No sex differences were found in any of the age groups for any of the dependent variables. This finding is in contrast to previous studies, which have reported differences in tendon dimensions and mechanical properties in the weight-bearing tendons of adults (e.g. Achilles: Kubo et al. 2003; Patellar: Onambele et al. 2007). It is possible that these differences could be partially explained by sex differences in body mass and maximum strength. The lack of sex differences found within the child and adult groups in the current study is likely due to the closer matching of body mass and maximum strength in the subject cohort compared with these previous studies.

Conclusion

Our findings add substantially to our understanding of tendon development by documenting changes in the mechanical properties of the Achilles tendon as a function of age in prepubertal children as young as 5 years. Achilles tendon stiffness increased consistently throughout childhood as a result of tendon growth and changes in material properties (i.e. increases in Young's modulus). Body mass and peak force production were found to be the primary factors underpinning both the dimensional and maturational aspects of tendon stiffness, rather than age per se.

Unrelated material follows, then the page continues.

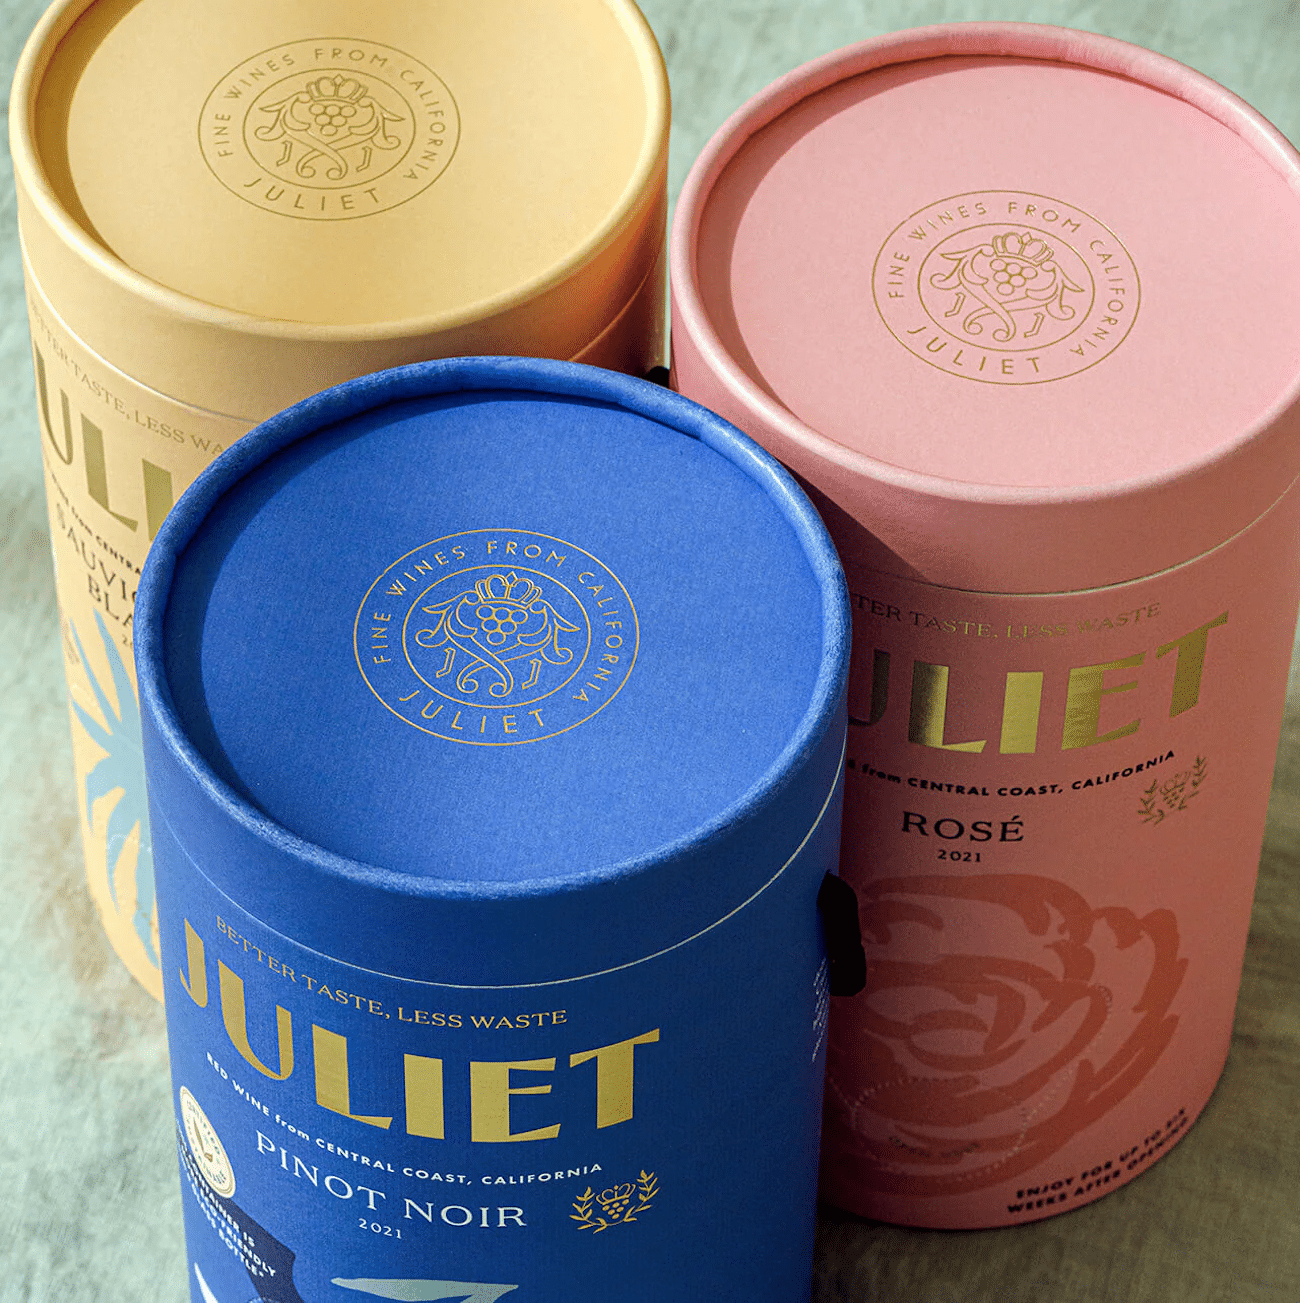 Juliet Wine Packaging Design, drei Sorten, drei illustrierte Weinboxen
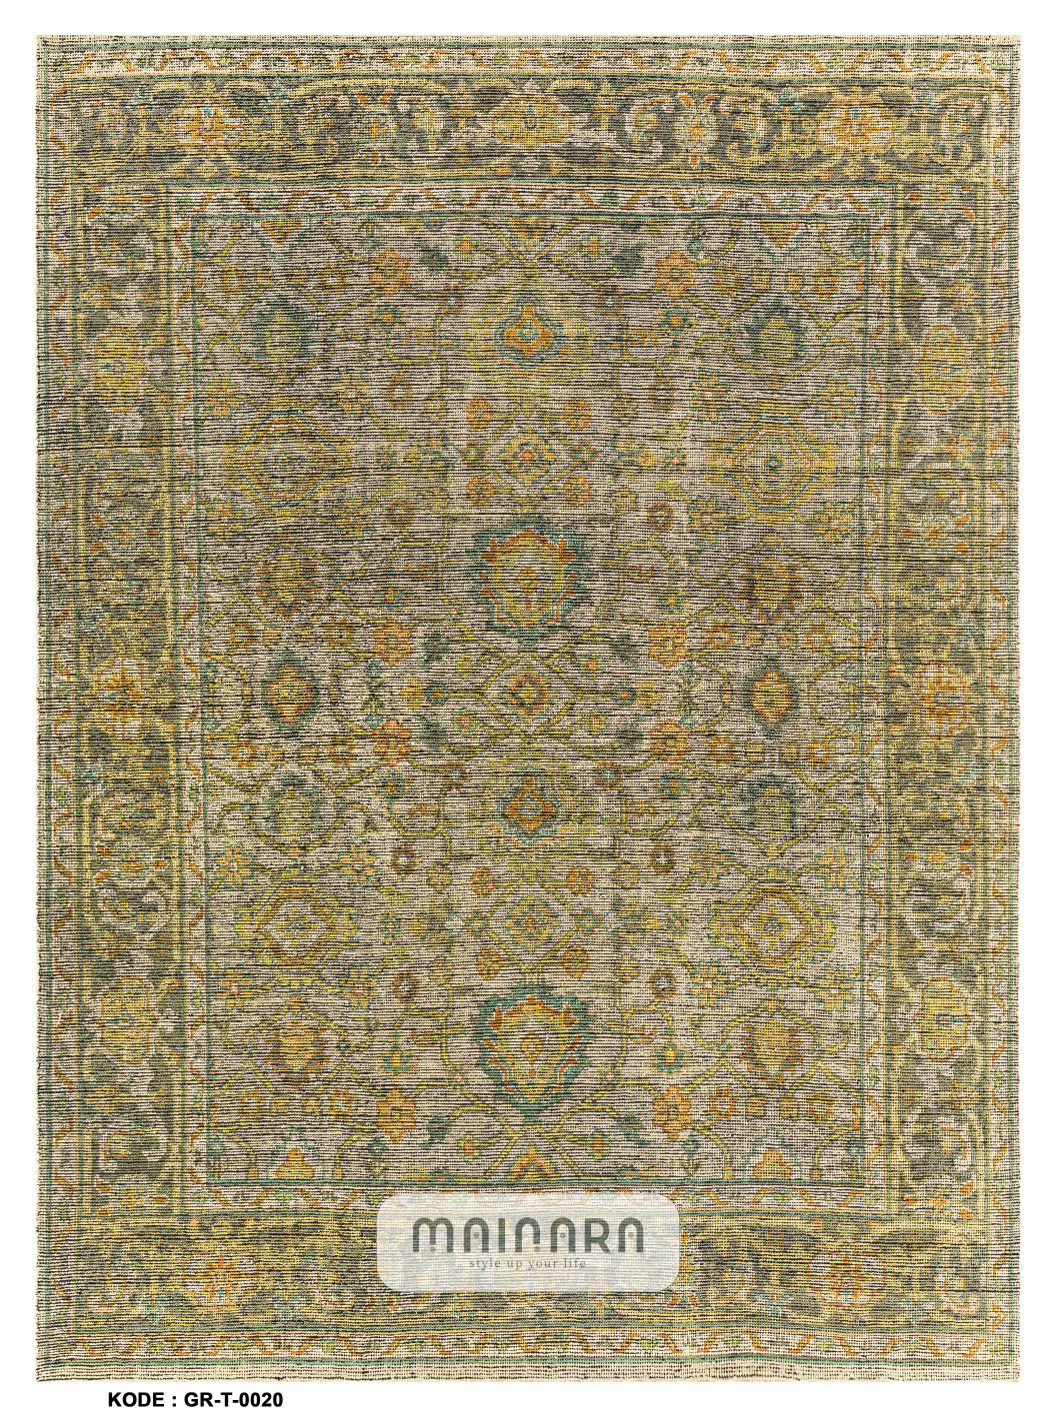 Karpet Tradisional (GR-T-0020) - Green,Yellow

Thus, tendon stiffness should be conveyed in the context of body mass and peak force capacity. The peak stress experienced by the tendon increased from childhood to adulthood due to greater increases in muscular strength relative to increases in CSA, whilst peak strain remained constant as a result of parallel increases in tendon length and peak elongation. This meant that YM also increased as a function of age-related growth, which was found to be underpinned by both body mass and peak stress increases. Tendon stiffness has been identified as a key factor influencing muscular force production and transmission characteristics in adults and thus has the potential similarly to influence force production characteristics in children. Due to the potential significance of tendon stiffness for characteristics of force production, determining the impact of changing tendon properties on movement performance in children is an important area for future research.